A verified bug fix with:
- Root cause documentation
- Regression test
- Minimal code change
- Passing quality checks

Overview

This skill guides developers through a disciplined bug investigation and fix workflow with root cause analysis, verification, and regression prevention. It focuses on Go projects and emphasizes reproducible tests, minimal fixes, and quality checks to prevent regressions. The outcome is a verified bug fix with documentation and tests.

How this skill works

It starts by collecting symptoms, reproduction steps, frequency, and impact, then creates a minimal reproducible test demonstrating the failure. The workflow traces the code path, checks common causes (nil pointers, races, resource leaks, incorrect error handling, context issues), and applies a minimal, focused fix.

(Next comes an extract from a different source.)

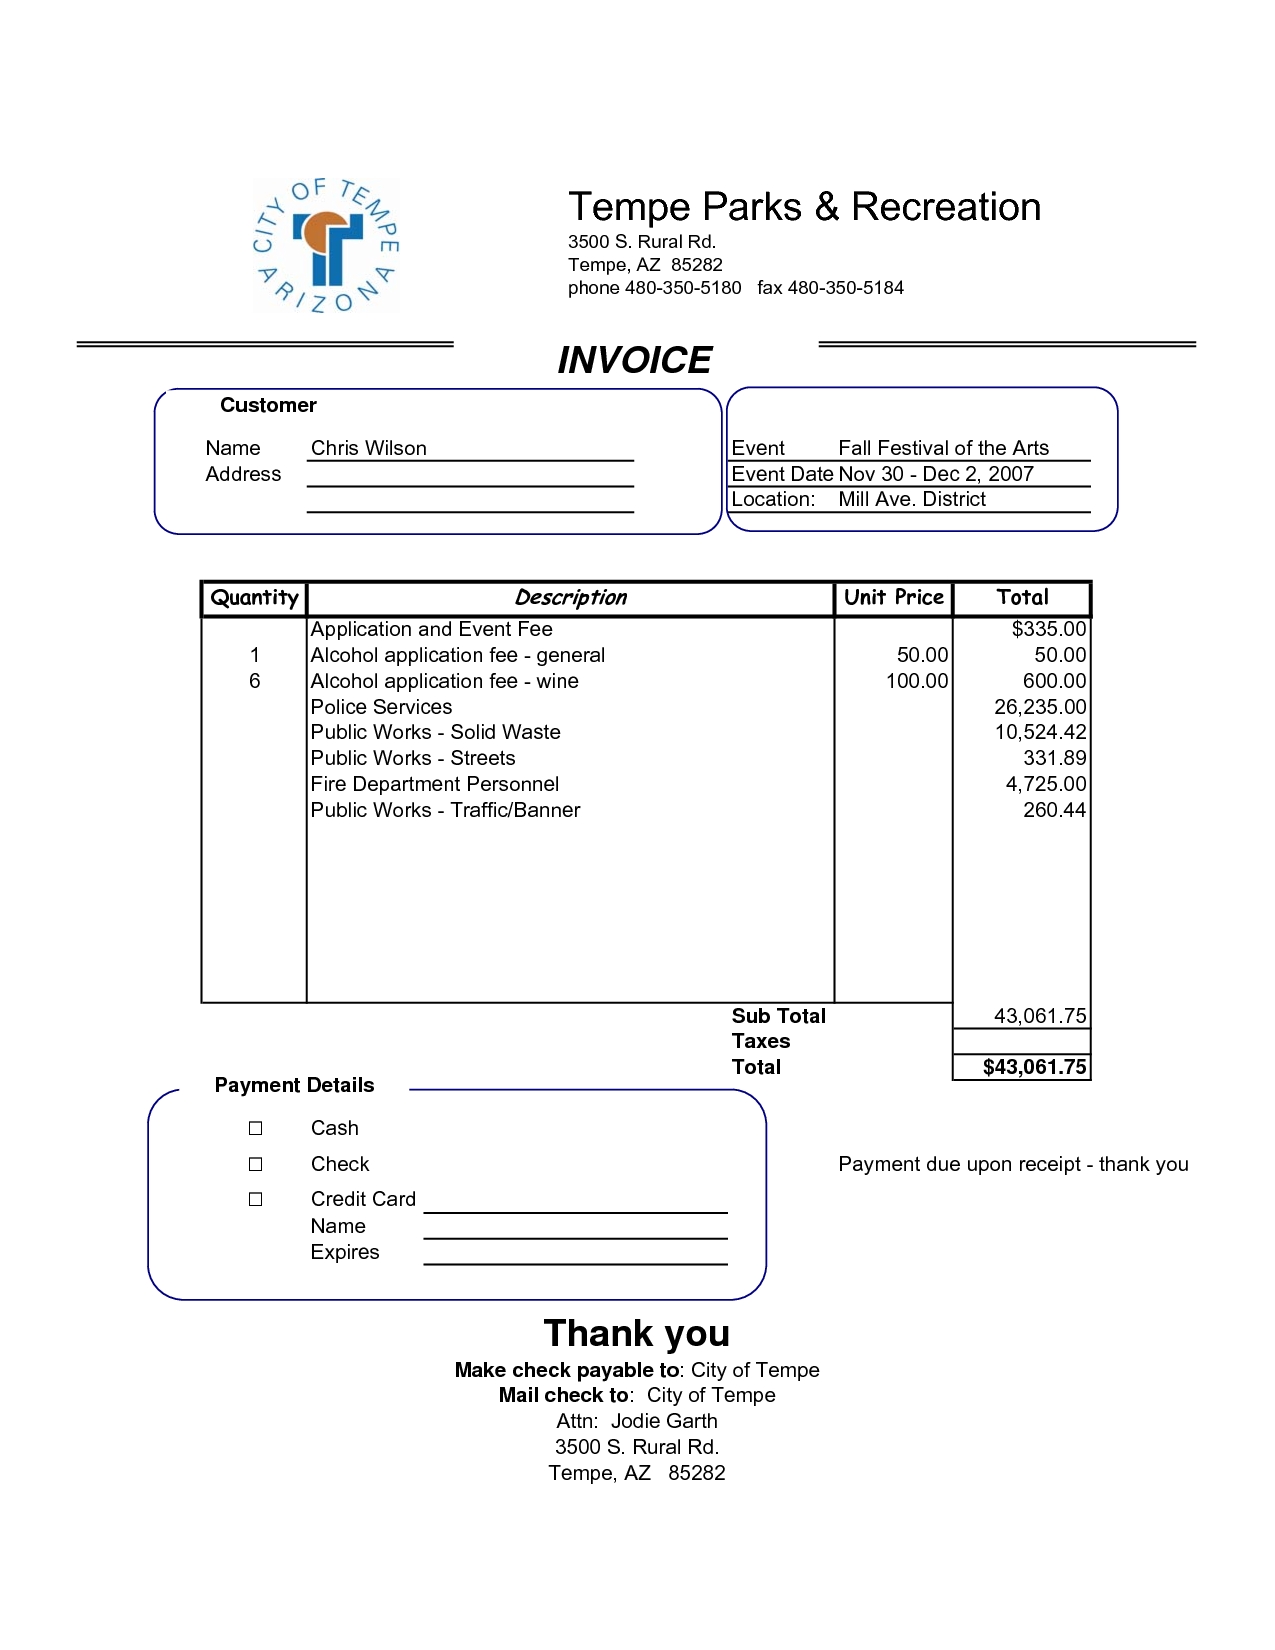 xls invoice template invoice template xls cv template xls httpwebdesign14 1275 X 1650

After implementing the fix, you add a regression test, run formatting/linting and race-detection tests, and document the root cause and commit message.

When to use it

When a bug report includes unexpected behavior or crashes in a Go service
When you can reproduce the failure or gather logs/traces to reproduce
When a change requires root cause analysis before broad refactoring
When intermittent or race-like failures occur and need systematic diagnosis

Best practices

Write a minimal reproduction test before coding the fix (TDD)
Document root cause, location, why it happened, and the planned fix before changing code
Make the fix minimal and focused; avoid unrelated refactors in the same change
Add regression tests that capture the specific conditions that triggered the bug
Run go test -race and CI checks; include linting and formatting steps

Example use cases

Fix a nil pointer panic by adding defensive nil checks and a test that reproduces the panic
Resolve an intermittent race by protecting shared state with a mutex and adding a deterministic regression test
Address a hang caused by context cancellation not being respected and add tests that simulate ctx.Done()
Patch incorrect error handling where errors were dropped, add propagation, and include a test asserting the propagated error

FAQ

What if I can't reproduce the bug locally?

Gather logs, traces, and exact inputs; try to create a minimal environment that mimics production conditions or add instrumentation to capture state when the bug occurs.

How large should the fix be?

Keep changes minimal and focused on the root cause. Avoid unrelated refactors in the same commit; add defensive checks or locking patterns only where necessary and justify them in the commit message.